Is it possible to call an overridden method from a native type?

No. Cannot invoke overridden method from type self.

First, the attribute Bar not a successor of the Foo class, so it is impossible to use super.foo .

And secondly, it is also impossible to use self.foo , since self is of type Bar with Foo . This can be shown by printing the program after typer :

 $ scalac -Xprint:typer test.scala [[syntax trees at end of typer]] // test.scala package <empty> { class Foo extends scala.AnyRef { def <init>(): Foo = { Foo.super.<init>(); () }; def foo: String = "foo" }; abstract trait Bar extends scala.AnyRef { self: Bar with Foo => def /*Bar*/$init$(): Unit = { () }; override def foo: String = "bar" }; class FooBar extends Foo with Bar { def <init>(): FooBar = { FooBar.super.<init>(); () } }; object TestApp extends scala.AnyRef { def <init>(): TestApp.type = { TestApp.super.<init>(); () }; def main(args: Array[String]): Unit = { val a: FooBar = new FooBar(); scala.this.Predef.println(a.foo) } } } 

So, using self.foo you are trying to access the Foo method of the Bar attribute.

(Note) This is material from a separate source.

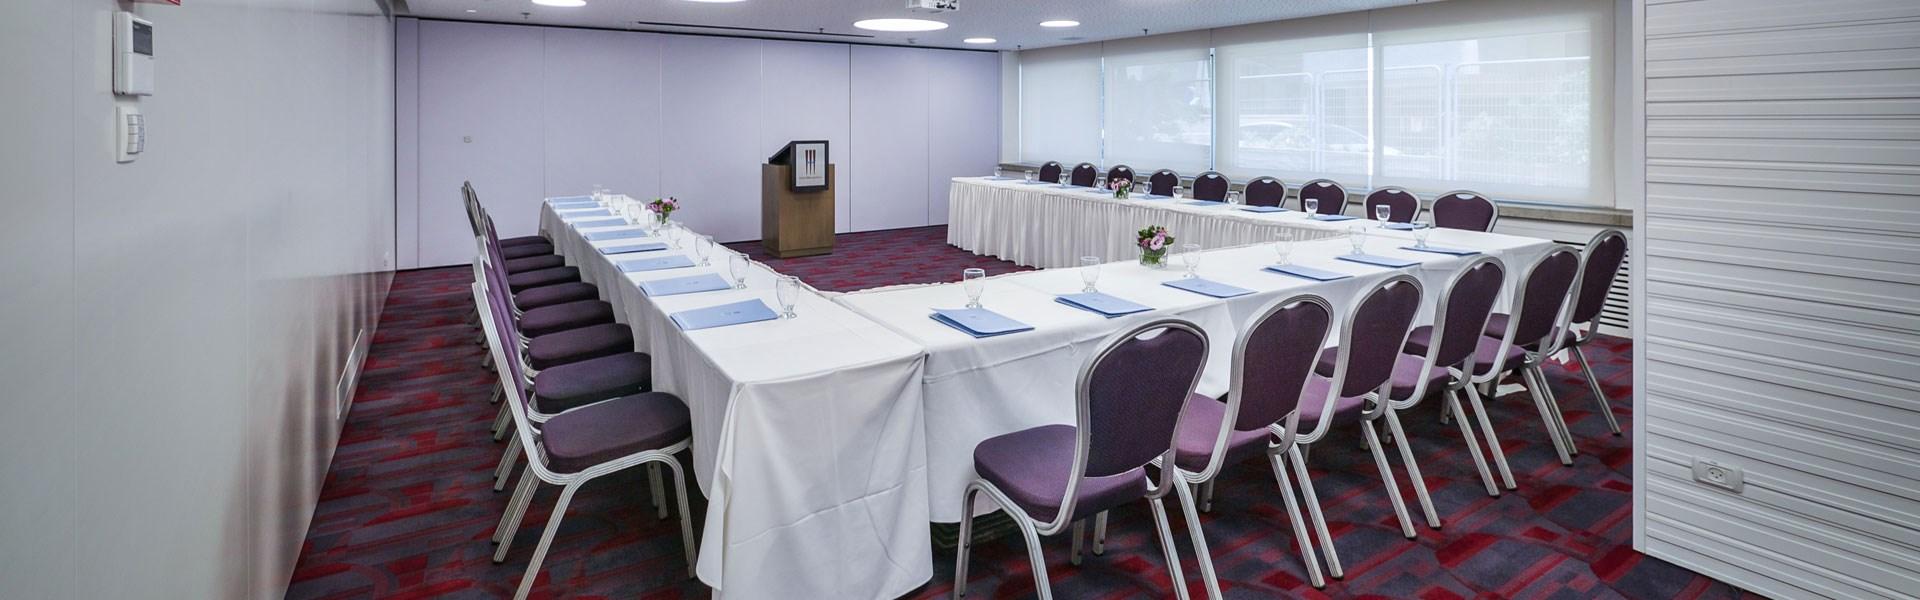 Meeting room in Metropolitan Hotel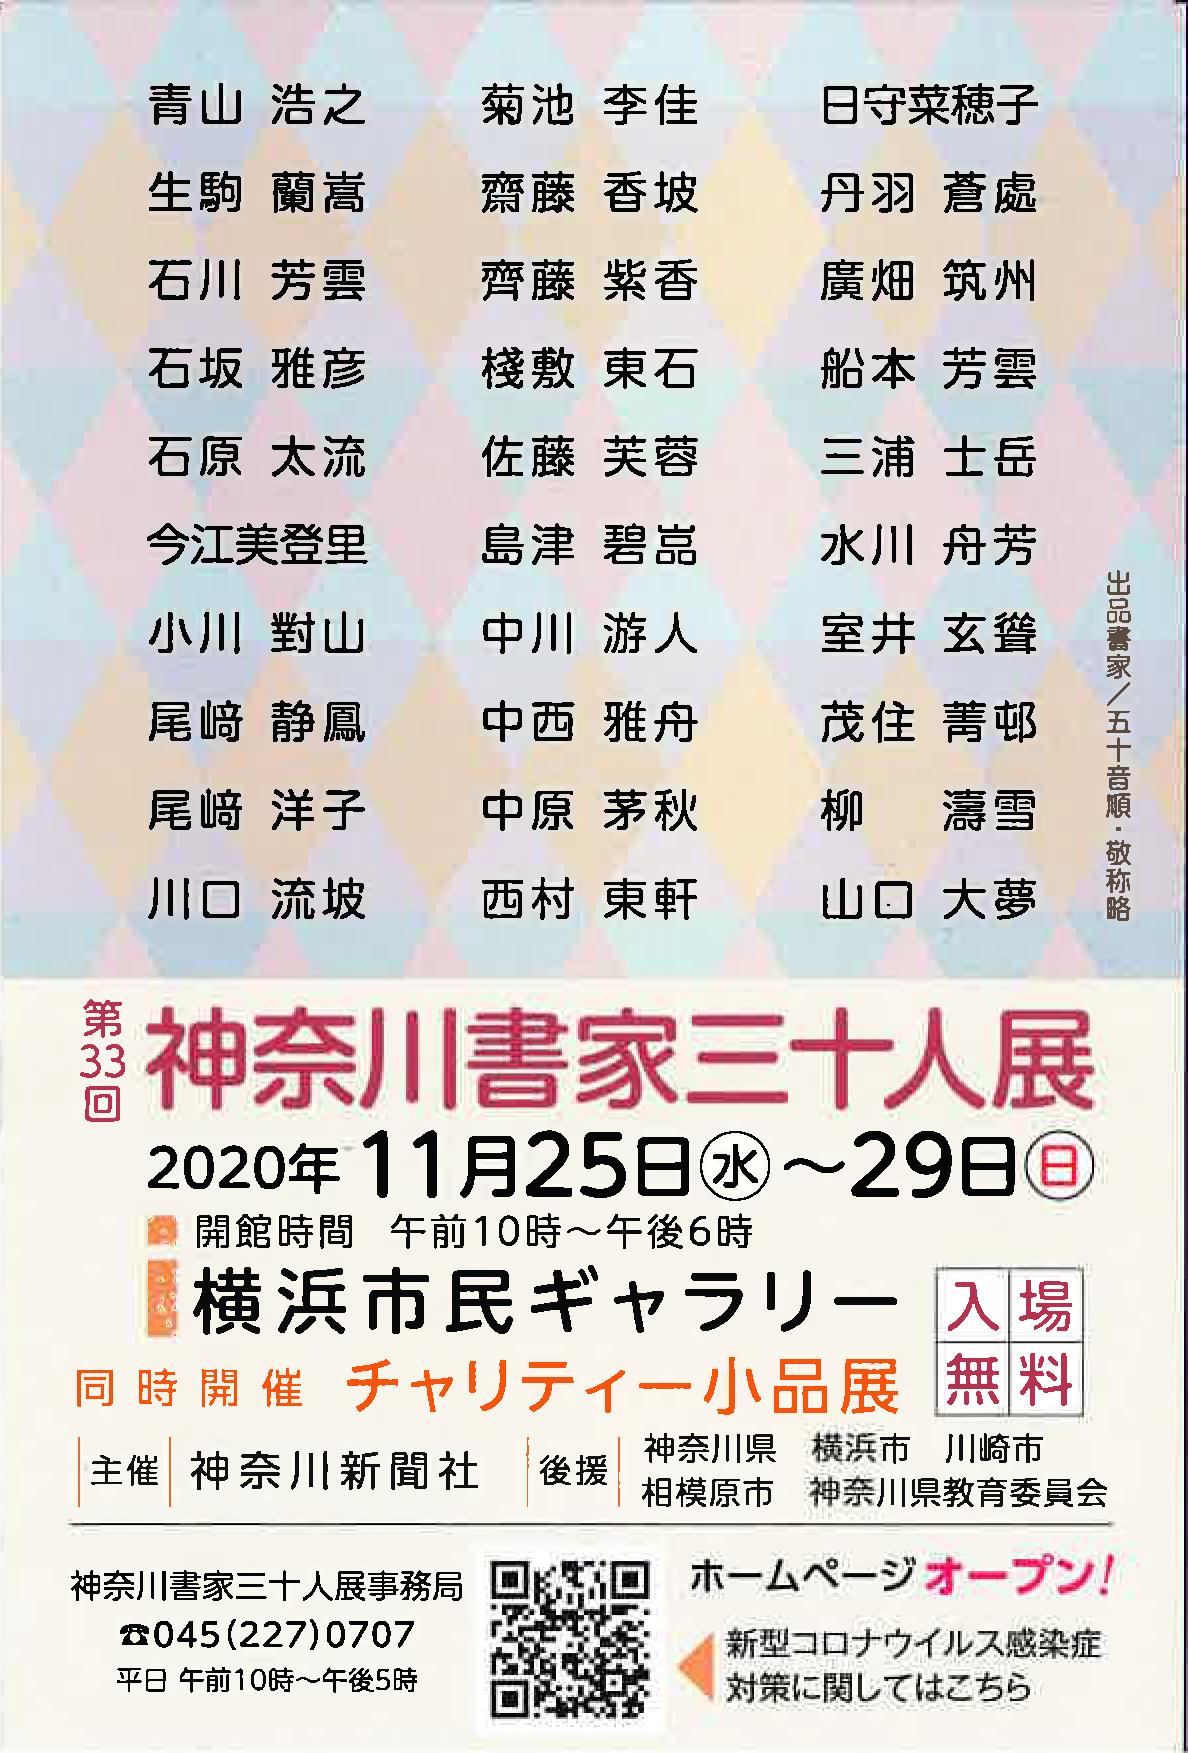 【展覧会情報】第33回 神奈川書家三十人展

This behavior complies with the Scala Specification (PDF):

The sequence of template operators may have a prefix with a formal parameter definition and arrow, for example. x =>, or x: T =>. If a formal parameter is specified, it can be used as an alias to refer to this throughout the body of the template. If a formal parameter with type T appears, this definition affects type S of the base class or object as follows: let C be the class type or attribute or object that defines the template. If type T is given for a formal eigenparameter, S is the largest lower boundary of T and C. If no type T is specified, S is only C. Inside the template, this type is assumed to be S.

You can access the method using reflection, but I think this is not what you are looking for.